Когда люди были как дети, когда народ был юн и преисполнен творческих сил, когда жизнь для него была самодостаточна и не требовалось никакого допинга для того, чтобы радоваться миру и быть полноценным участником реальной, а не выдуманной, жизни, – тогда народу было не до литературы. В ней попросту не было потребности.

Но явилась интеллигенция с ее всеразлагающей и все расчленяющей рефлексией, и литература расцвела. Был создан культ литературы. Она стала более насущной, чем сама жизнь.

… А теперь народу уже не до литературы. Но она "научила" его и к жизни относиться отстраненно, и подготовила приход кино, а затем и телевидения – новые ступени деградации. Воспитан инфантильный страх перед жизнью. Опошленные духовные ценности набили оскомину. И мы уже не можем пересилить в себе смертоносное и одновременно самоубийственное отношение к реальности как к игре, бутафории, декорации.

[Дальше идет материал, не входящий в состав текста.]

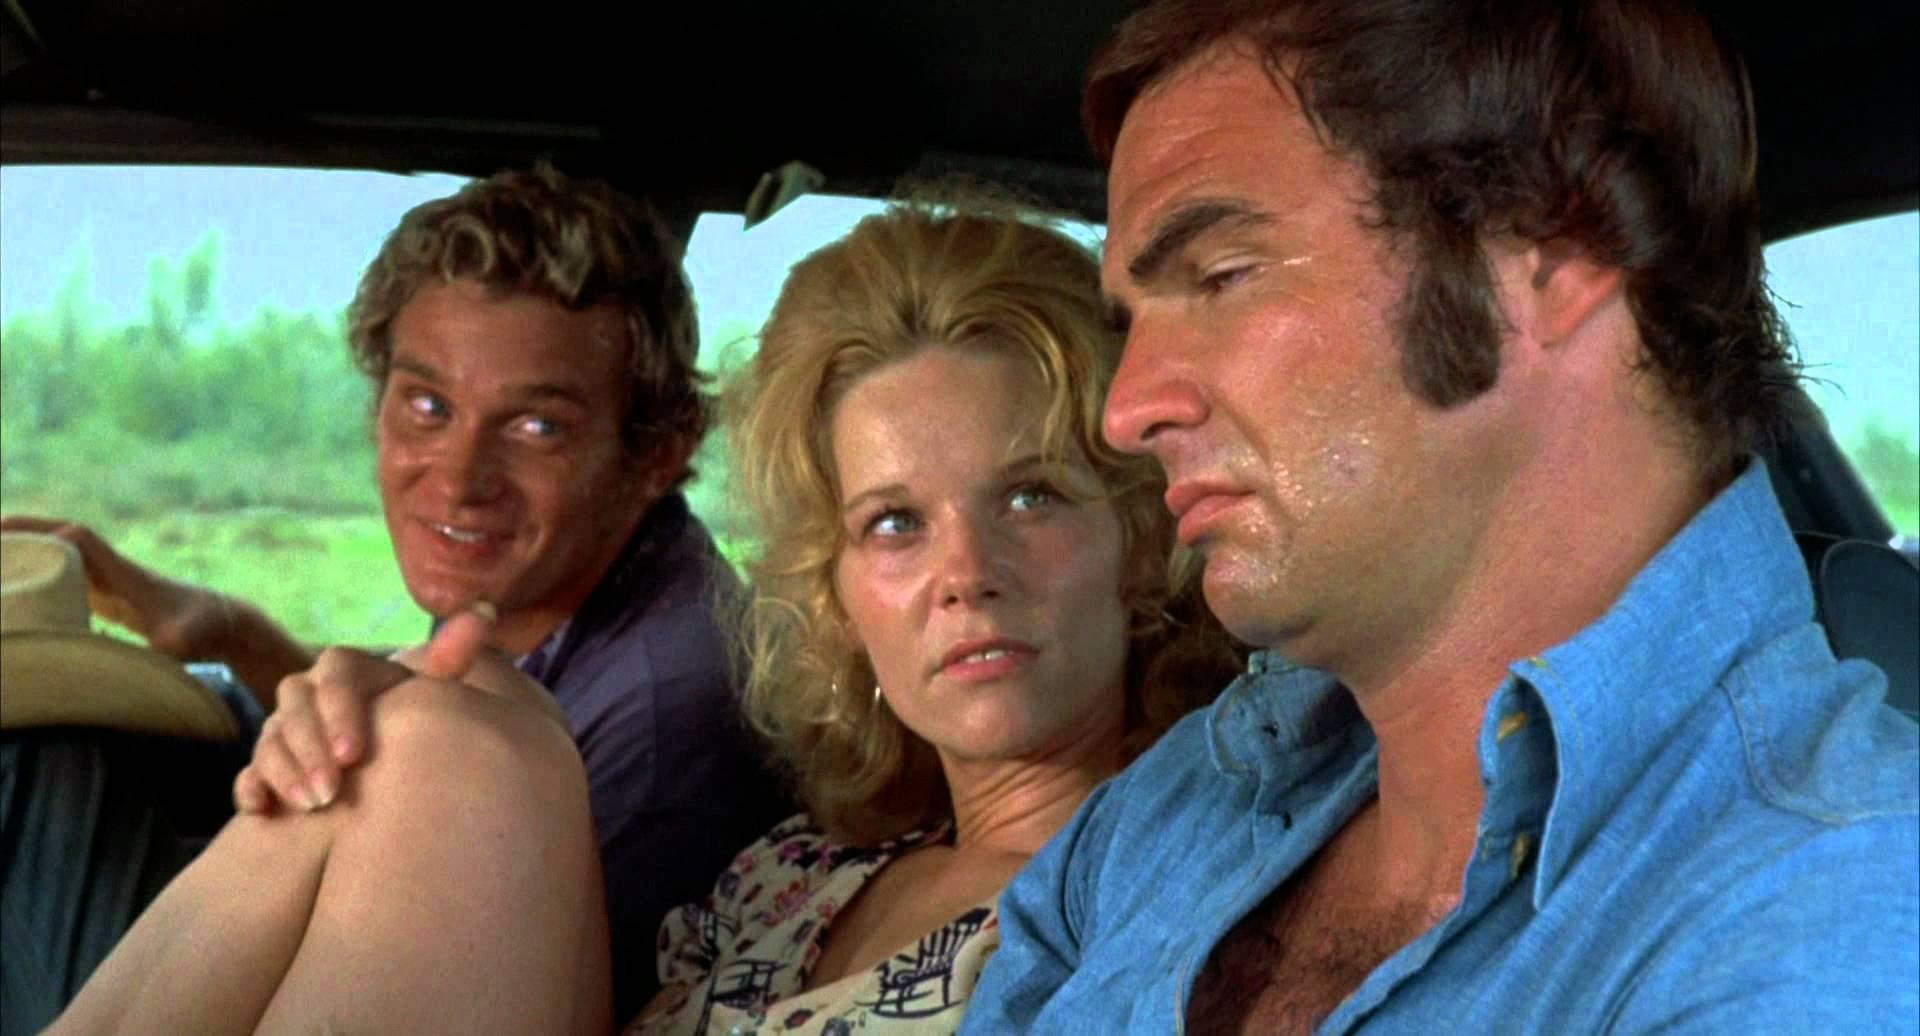 Bo Hopkins, Jennifer Billingsley, and our man Burt. They work! They carpool! They sweat!

Так, перемежаясь, младоумие, малодушие и ложное высокомерие, взращенные философами и литераторами, порождает тоскливый цинизм во многом, слишком многих… Ищут лекарства – получают отраву.

И пьют люди от того, чтобы через это доступное средство обмануть себя, увидеть себя деятелями, а не тенями в царстве теней. И у меня нет сил докричаться до них. Не могу, хотя бы потому, что не чувствую, что "право имею". Читатель на Руси был мудрее писателей, и сейчас он смотрит на глубокомысленных публичных мужчин с чувством отравленного на некоем престижном банкете, где было столько изысканных яств и вин, где звучали цветистые тосты, но вот назавтра по-нехорошему болит голова и подозрительно неспокойно в желудке.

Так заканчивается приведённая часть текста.